Use these habits to keep flavors clean and the coating looking new:

  • Wipe the inside walls after each cook, since splatter hardens fast.
  • Use a soft brush for the crisper plate holes, where crumbs hide.
  • Skip metal utensils; silicone or wood protects the finish.
  • Dry parts fully before reassembly, so moisture doesn’t linger.

If you cook fish, run the fryer empty at 400°F for two minutes, then wipe; odors fade fast afterward, too.

Air Fryer Food Mistakes That Ruin Results And Waste Time In Batches

Most issues are easy to spot once you know the pattern. Fix one thing at a time, so you learn what changed the outcome.

Too Much Food In The Basket

If food looks pale, wet, or uneven, you likely crowded it. Run a smaller batch and compare. You’ll see the difference right away.

Wet Batter Dripping Through

Thin batter falls off and makes a mess. If you want a breaded crust, use a dry breading: flour, egg, crumbs. Press crumbs on firmly, then chill the breaded pieces for 10 minutes so the coating sets.

Skipping Oil When It’s Needed

Some foods brown fine with no oil. Others need a light coat to color. Vegetables and breaded items do better with a small amount. If you use spray, pick one meant for cooking, since propellants can damage some basket coatings.

Using Sugar Too Early

Sugar browns fast. If you use sweet sauces, add them near the end. For wings, cook first, toss in sauce, then return for a final minute to set the glaze.

Troubleshooting Chart For Common Air Fryer Foods

Use this when something tastes off. The fix is usually one quick change in prep or heat.

Problem You See Likely Cause Fix For Next Time
Fries are soft Basket too full Cook in two batches; shake twice
Chicken is dry Overcooked past target temp Use a thermometer; pull earlier and rest
Veg tastes bitter Spices burned Add dry spices after oil; lower temp by 15–25°F
Breading falls off Coating not set Press crumbs; chill; spray lightly with oil
Fish sticks split Heat too high too soon Start at 375°F, then finish at 400°F
Smoke in the drawer Fat drips and burns Trim excess fat; add a spoon of water under basket

A One-Page Plan For Your Next Seven Air Fryer Cooks

If you want a simple way to keep using the air fryer, pick seven cooks from this list and rotate them. Build confidence first, then play with flavors.
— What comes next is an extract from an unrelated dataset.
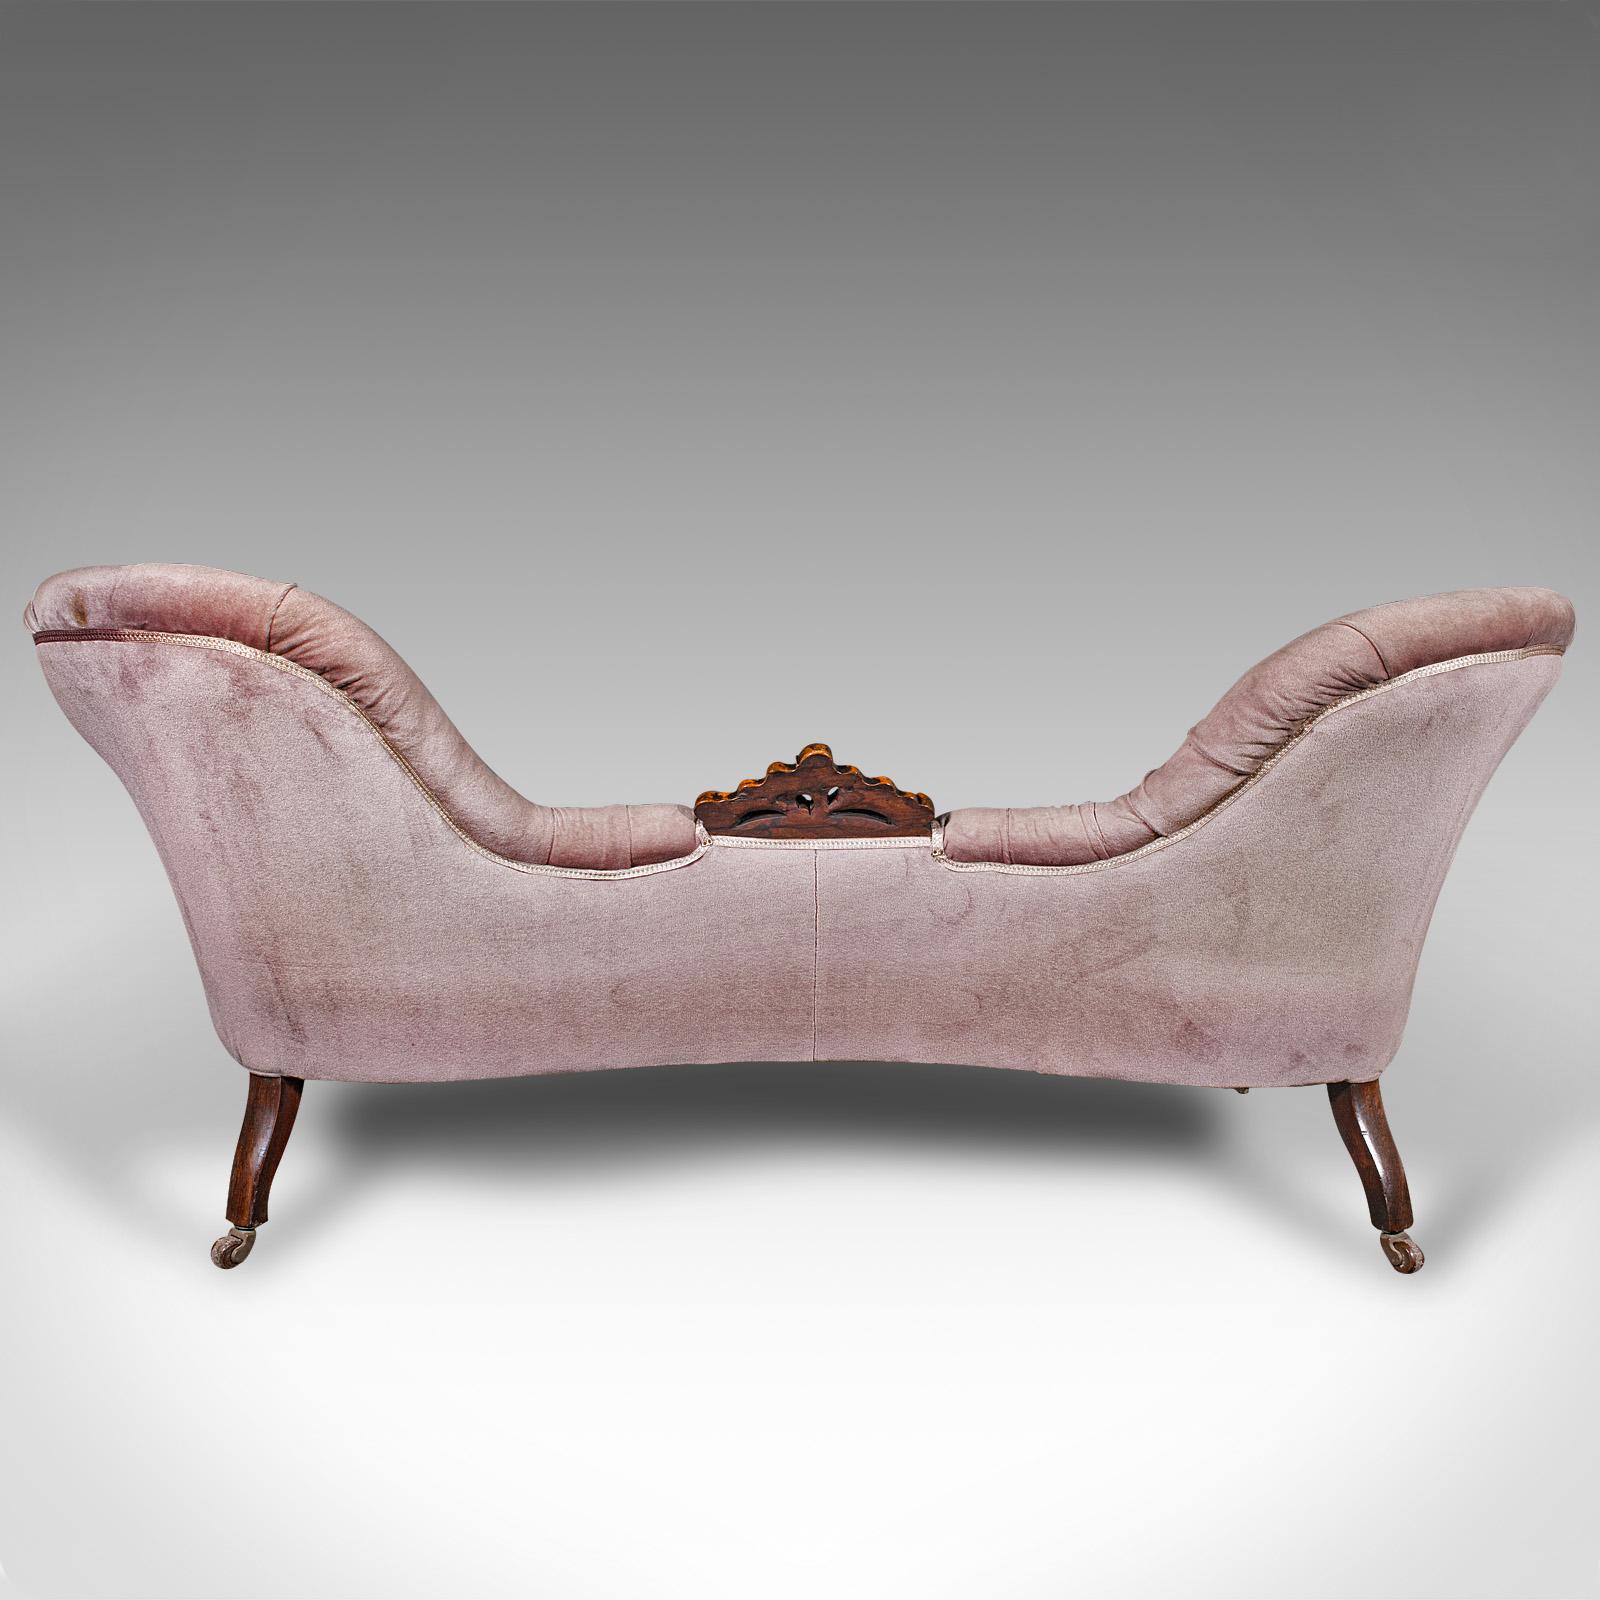 19th Century Antique Double Spoon Back Settee, English, 3 Seat, Sofa, Early Victorian, C.1840 For Sale

  • Chicken thighs + broccoli
  • Salmon + asparagus
  • Burgers + frozen fries
  • Pork chops + green beans
  • Tofu cubes + Brussels sprouts
  • Frozen dumplings + stir-fry slaw
  • Reheated pizza + side salad

Once you’ve run that loop, you’ll know “What Do You Cook In Your Air Fryer?” that fits your taste and your week. Keep notes on two things only: temp and time. That’s all you need to make the basket feel reliable.